By Friday morning, downgraded by the National Hurricane Center to a tropical depression, Ivan was slowly passing over Port Arthur, TX, and had become largely a major rain event.

Just a week after plowing through the Florida Panhandle, spawning tornadoes from Florida to Pennsylvania and flooding as far north as upper New York State, Ivan's remnants returned to the Gulf of Mexico and organized into a tropical storm.

In an unusual twist of this active hurricane season, the National Hurricane Center said Thursday evening, Ivan was expected to largely disappear this weekend. However, one model suggested the remmants could end up in the Gulf of Mexico once again, but were not expected to reform a third time.

In 2001, Tropical Storm Allison stalled after crossing the Texas coast near Houston and rainful totalled as much as 3-feet.

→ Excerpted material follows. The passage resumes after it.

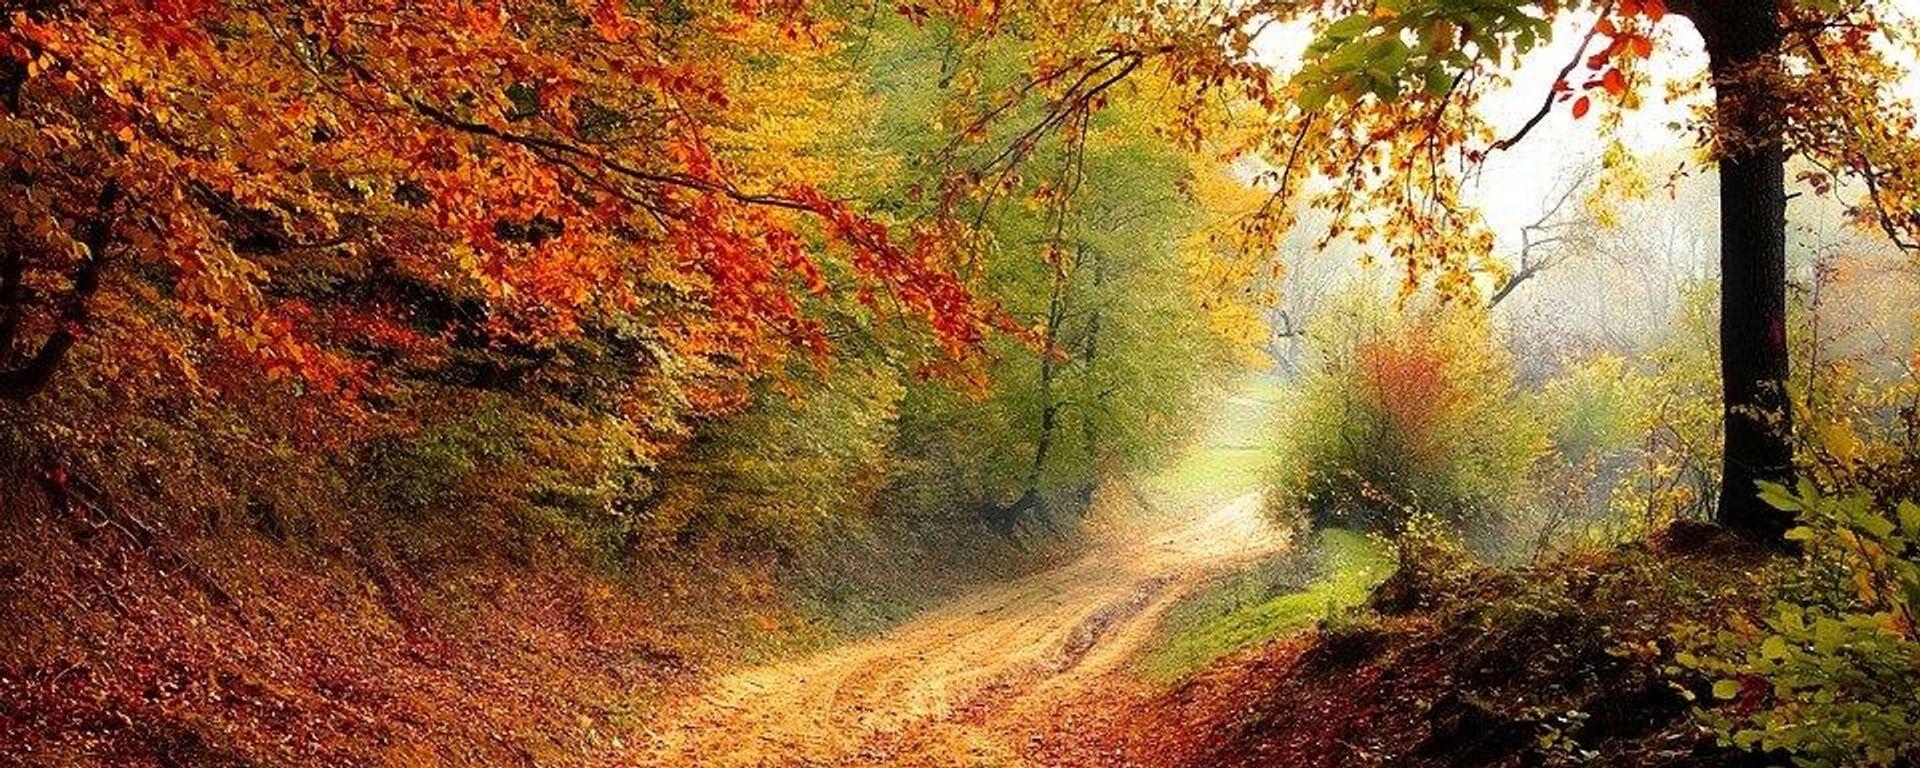 φθινόπωρο -δάσος - Sputnik Ελλάδα, 1920, 22.09.2021
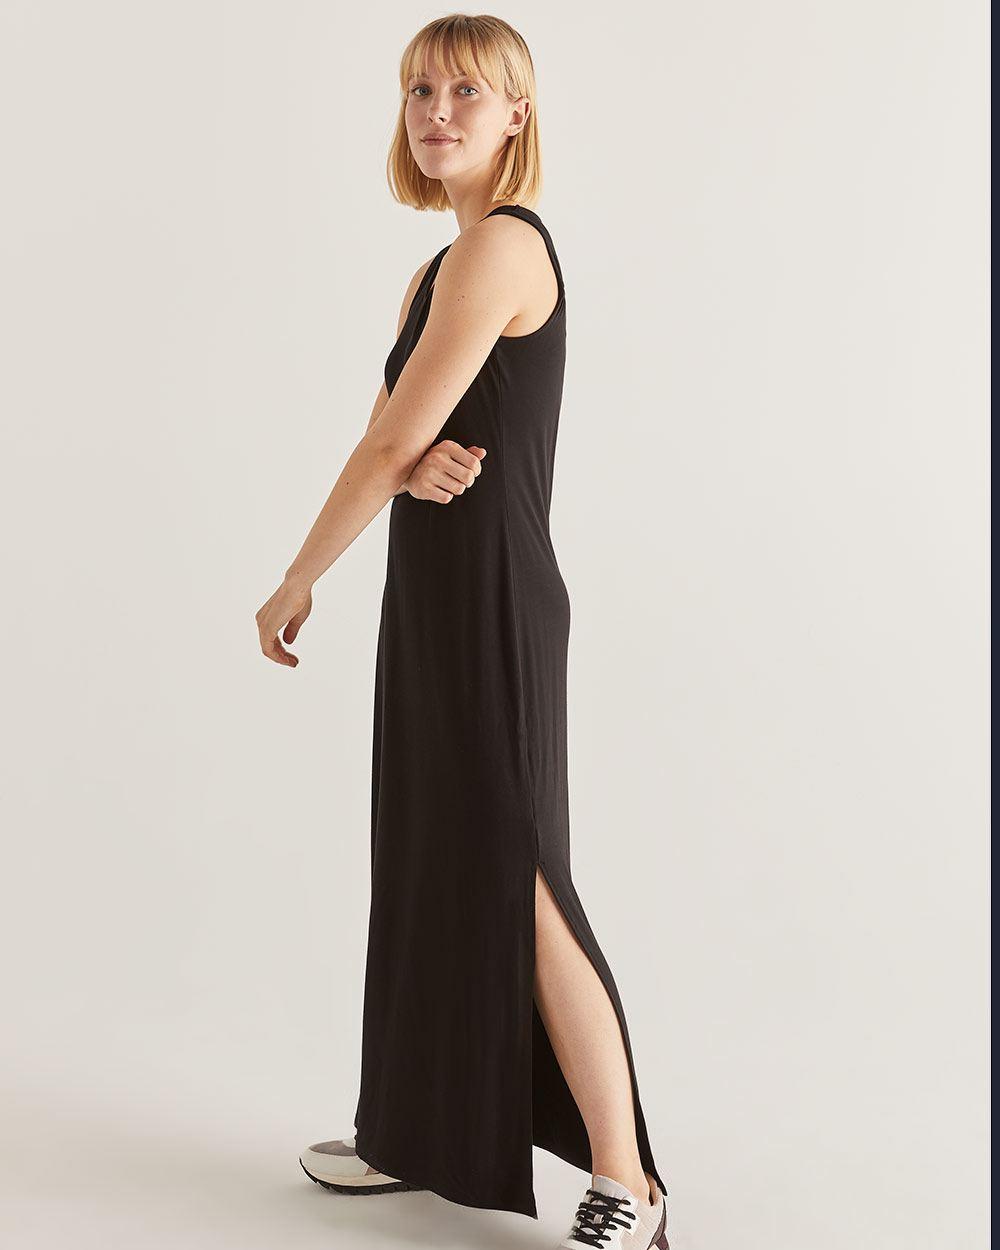 996a8822455 Robe maxi noire avec plis - Petite

The area's worst natural disaster in history, flooding from Allison left 22 people dead, destroyed 3,600 homes and damaged another 48,000.

"I think anyone who went through Allison would be concerned about this," said Jean Peercy, construction coordinator for Lutheran Disaster Response in Palacios, TX. "Although, most people don't realize it, a tropical storm can do as much or more damage than a hurricane."

Peercy said she was worried about Ivan's second coming to the Louisiana coast, largely because 1,400 residents of that state have already registered for help following last week's storms.

While western Gulf Coast cities like Houston and Galveston, deal with the rains spawned by Ivan, residents of Florida still cleaning up after Ivan's deadly march through the Panhandle just last week are warily watching Hurricane Jeanne move toward the southeastern U.S. coast.

Forecasters are also tracking two other named storms in the Atlantic. Hurricane Karl is racing north through the north central Atlantic Ocean and is expected only to interrupt oceanic shipping channels.

Tropical Depression Lisa was nearly stationary as it merged with another tropical depression and was reorganizing Friday morning. Lisa is expected to begin a slow westward movement in the next 24 hours.